- Directed by: William Beaudine
- Screenplay by: Scott Darling
- Based on: Kidnapped 1886 novel by Robert Louis Stevenson
- Produced by: Lindsley Parsons Roddy McDowall
- Starring: Roddy McDowall Sue England Dan O'Herlihy
- Cinematography: William A. Sickner
- Edited by: Ace Herman
- Music by: Edward J. Kay Dave Torbett
- Production company: Lindsley Parsons Picture Corporation
- Distributed by: Monogram Pictures
- Release date: November 28, 1948;
- Running time: 81 minutes
- Country: United States
- Language: English

= Kidnapped (1948 film) =

1948 film by William Beaudine

Kidnapped is a 1948 American historical adventure film directed by William Beaudine and starring Roddy McDowall, Sue England and Dan O'Herlihy. It is based on the 1886 novel of the same name by Robert Louis Stevenson. The former child star McDowall plays David Balfour in the story about a young man cheated out of his birthright by his wicked, covetous uncle Ebenezer (Houseley Stevenson).

==Plot==
Scotland, 1751: At a stately manor near Edinburgh, the young David Balfour arrives with a sealed letter from his recently deceased father for Ebenezer, his uncle. It is meant to be delivered to a family lawyer to introduce David as the rightful heir to the property.

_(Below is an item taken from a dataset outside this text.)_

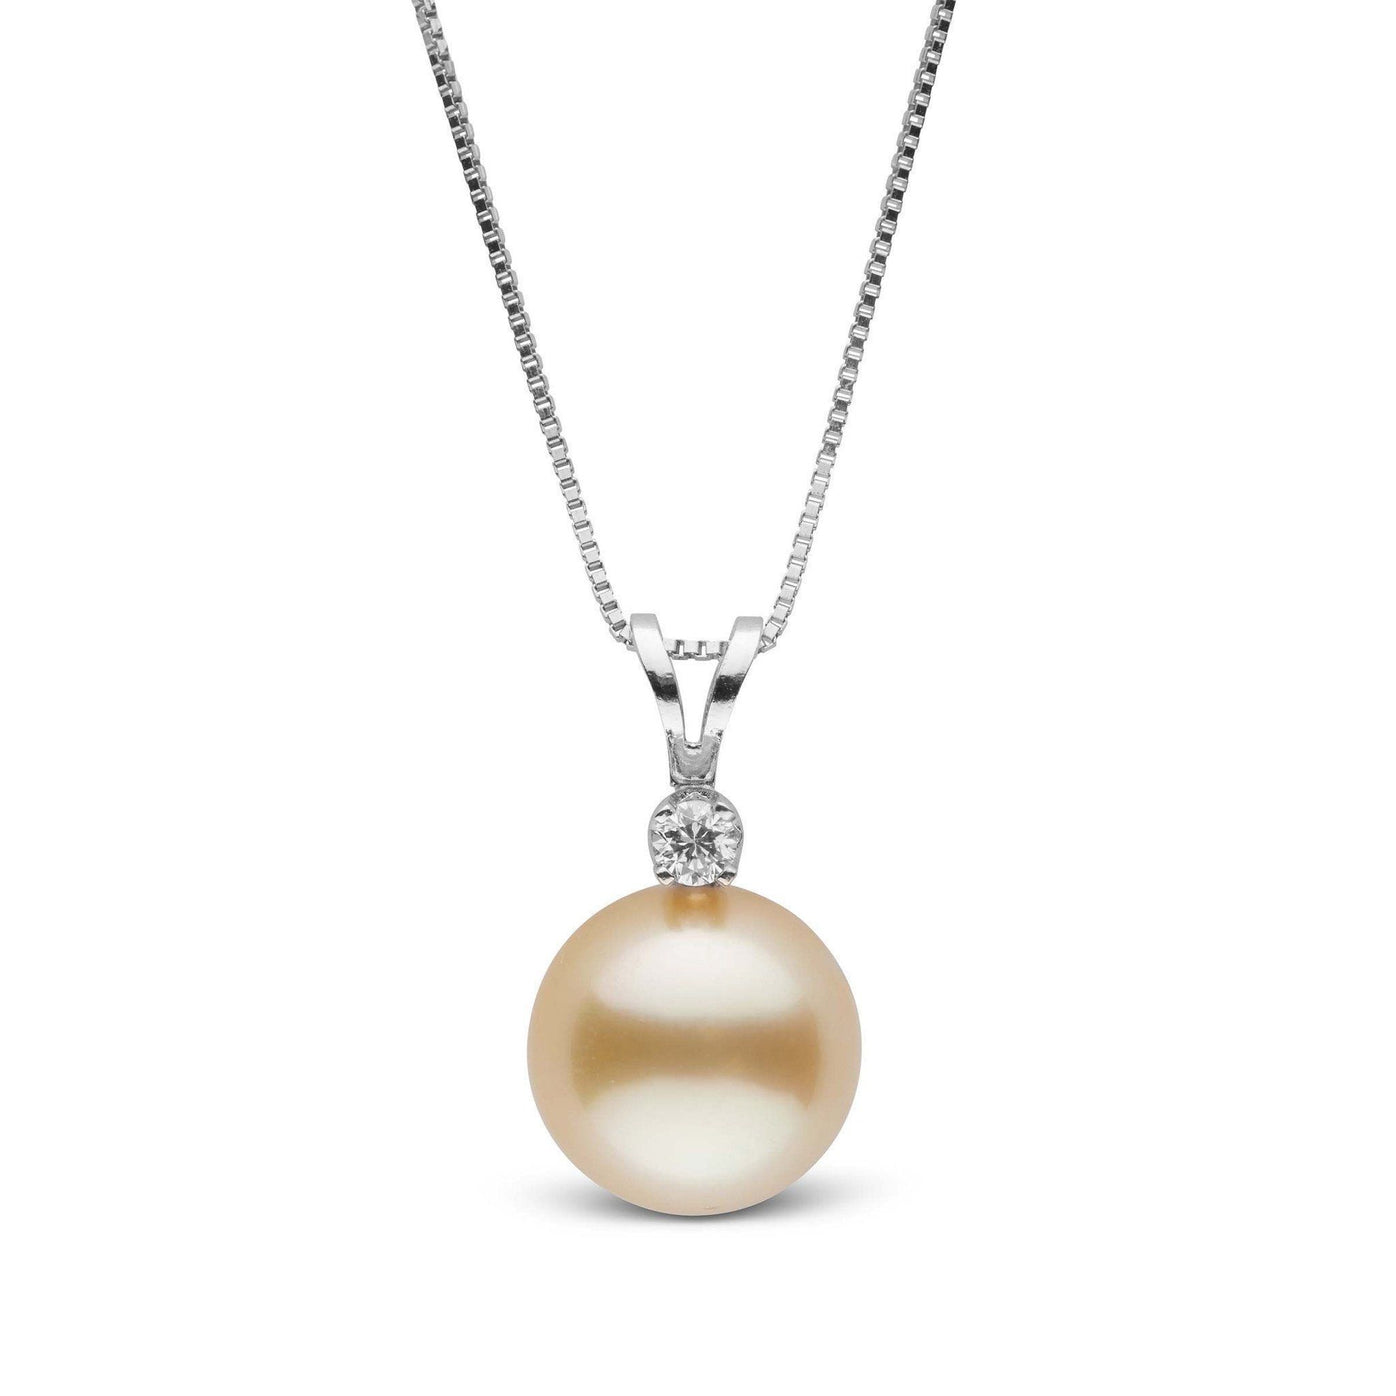 Golden South Sea Pearls – Pearl Paradise

After slyly trying to kill his previously unknown nephew but failing, Ebenezer conspires with a sea captain, Hoseason, to take the boy hostage and sell him into slavery. A prisoner aboard ship, David soon meets Alan Breck, who, in need of rescue, now finds himself in danger of Hoseason stealing his gold and perhaps murdering him as well. David's quick intervention saves his life.

Washed up ashore after a storm, David is hidden by an innkeeper's daughter, Aileen, then begins a long and arduous journey home. With the help of Alan, he is able to coerce a confession about the kidnapping from his uncle that is overheard by the lawyer, who now knows David to be the proper heir. Hoseason, feeling betrayed, tries to kill Ebenezer in a sword fight, resulting in the deaths of both.

==Cast==

| Actor | Role |
|---|---|
| Roddy McDowall | David Balfour |
| Sue England | Aileen Fairlie |
| Dan O'Herlihy | Alan Breck |
| Roland Winters | Capt. Hoseason |
| Jeff Corey | Shuan |
| Houseley Stevenson | Ebenezer |
| Erskine Sanford | Rankeillor |
| Alex Frazer | Hugh Fairlie |
| Winifriede McDowall | Innkeeper's Wife |
| Robert J. Anderson | Ransome |
| Janet Murdoch | Janet Clouston |
| Olaf Hytten | The Red Fox |
| Erville Alderson | Mungo |
| Mary Gordon | Scotswoman |
| Hugh O'Brian | Sailor |
| Eric Wilton | Rankeillor's Secretary |
| Jimmie Dodd | Scottish Sailor |

==Production==
McDowall performed a radio version of the novel in 1946 with Douglas Fairbanks Jr.

In 1948 McDowall was making a series of films for Monogram Pictures on which McDowall would star and executive produce. They selected Kidnapped. Dan O'Herlihy, who had just appeared in Orson Welles' Macbeth was signed to play Alan Breck. Filming started on Santa Catalina in May 1948. The film unit used James Cagney's yacht, the Swift. Studio work took place at Nassour Studios.

Monogram considered making a sequel, David Balfour, also starring McDowall. It was meant to follow Tuna Clipper, the next McDowall-Parsons-Monogram film. However this did not eventuate.